Visibility Sensors Information

Visibility sensors detect atmospheric transparency and output a sensor equivalent visibility (SEV) range that represents the maximum distance that the human eye can see under given atmospheric conditions. They offer a standardized method for assessing visibility range when it is impaired by fog, cloud cover, snow, smoke, or other Visibility sensor imageprecipitation.

Technology

Common methods used to detect visibility range include infrared forward-scatter technology, transmissometers, and light detection and ranging (LIDAR).

Forward scatter sensors include an emitter and receiver. They emit an infrared light beam at an offset angle from the receiver. The amount of light scattered by particles in the air and received by the receiver determines the extinction coefficient, from which visibility range is calculated by applying either Allard's or Koschmieder's law.

Transmissometer sensors include an emitter and receiver. Like forward scatter sensors they use the extinction coefficient to calculate visibility range. The extinction coefficient is determined by measuring direct light transmissivity.

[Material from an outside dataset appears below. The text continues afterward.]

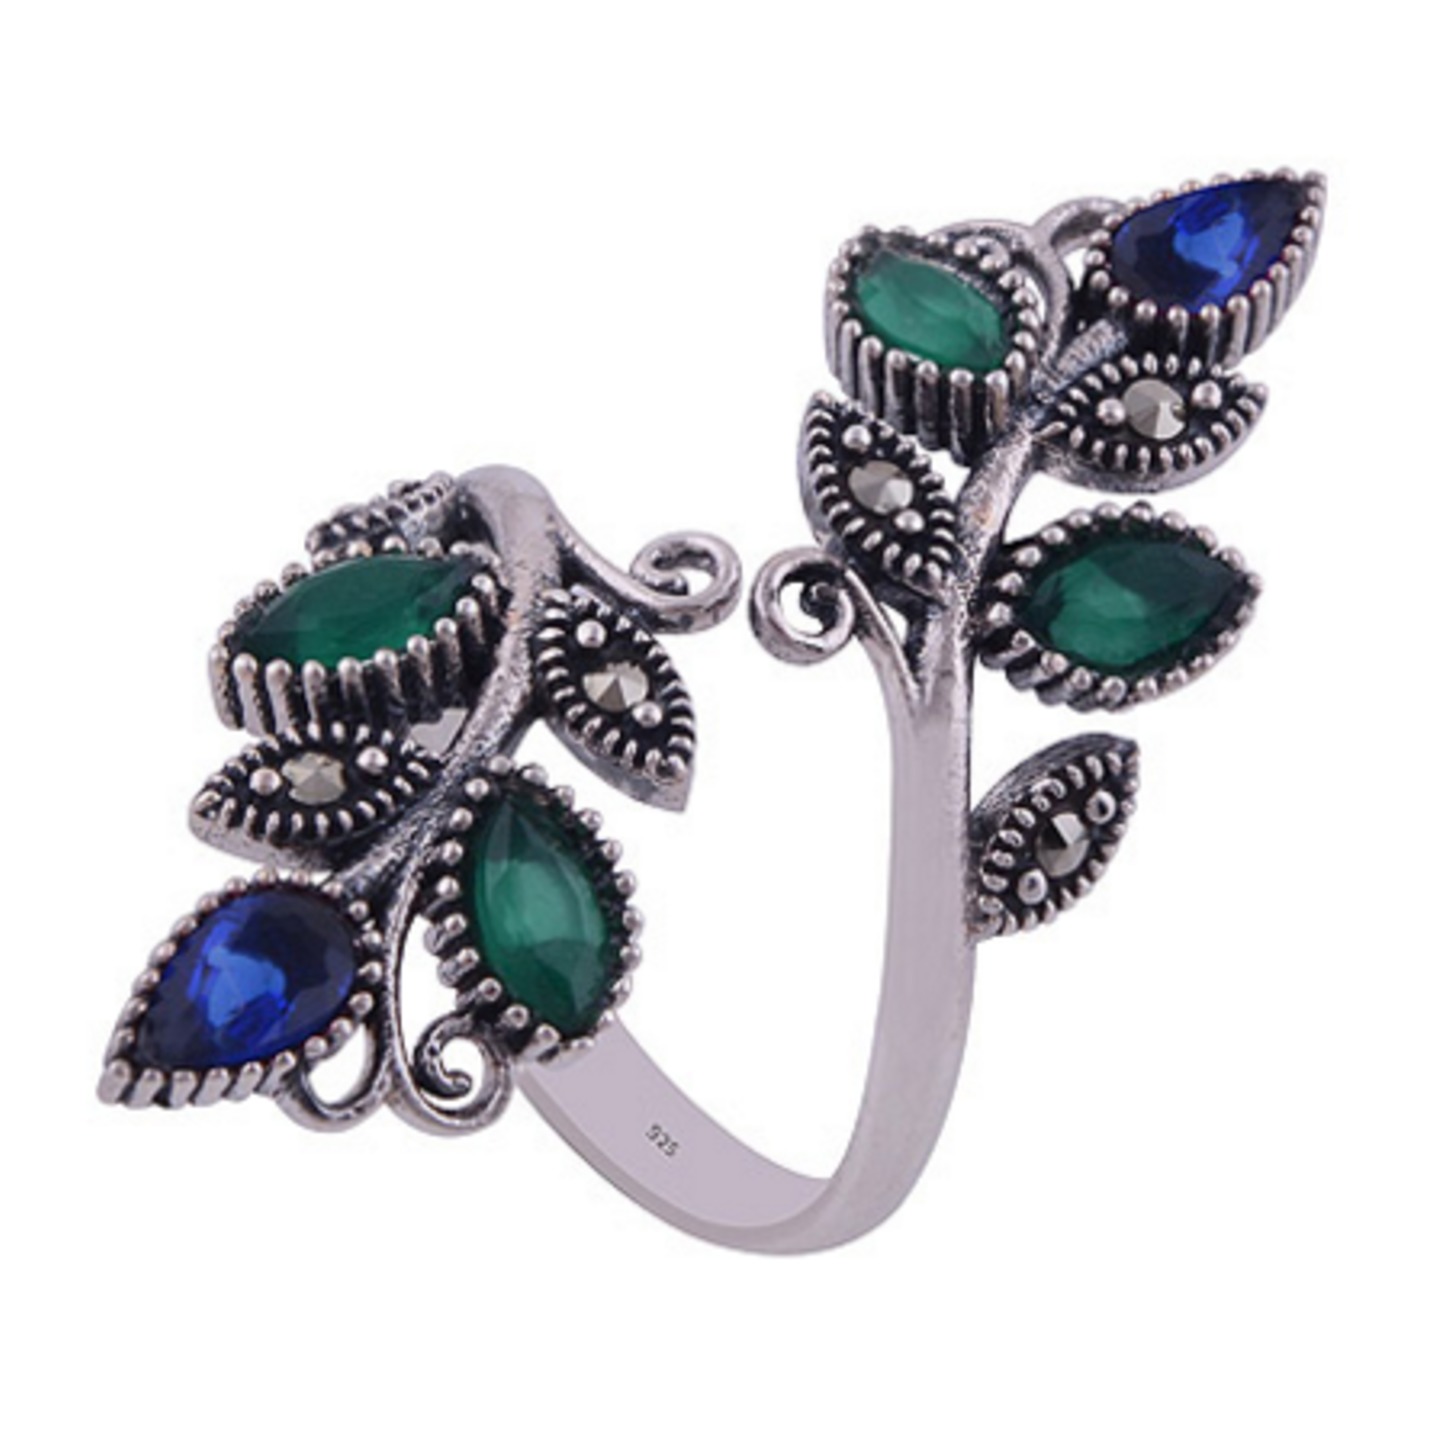 The Green Blue Vine Silver Ring

LIDAR is a light detection and ranging sensor used for long range visibility sensing. They transmit low-power laser pulses and measure back scatter from clouds and aerosols. They sense cloud height and vertical visibility range.

Applications

Applications for visibility sensors include meteorological and transportation applications including aviation, marine, and road condition assessments. Meteorologists use visibility sensors to remotely monitor the visibility range. They may be deployed in remote weather stations while the most common application for visibility sensors is for aviation when assessing visibility at runways.

Standards

ICAO 9837 – The Manual on Automatic Meteorological Observing Systems at Aerodromes describes methods to design or update automatic measurement systems for airports and understand the characteristics and limitations of such systems.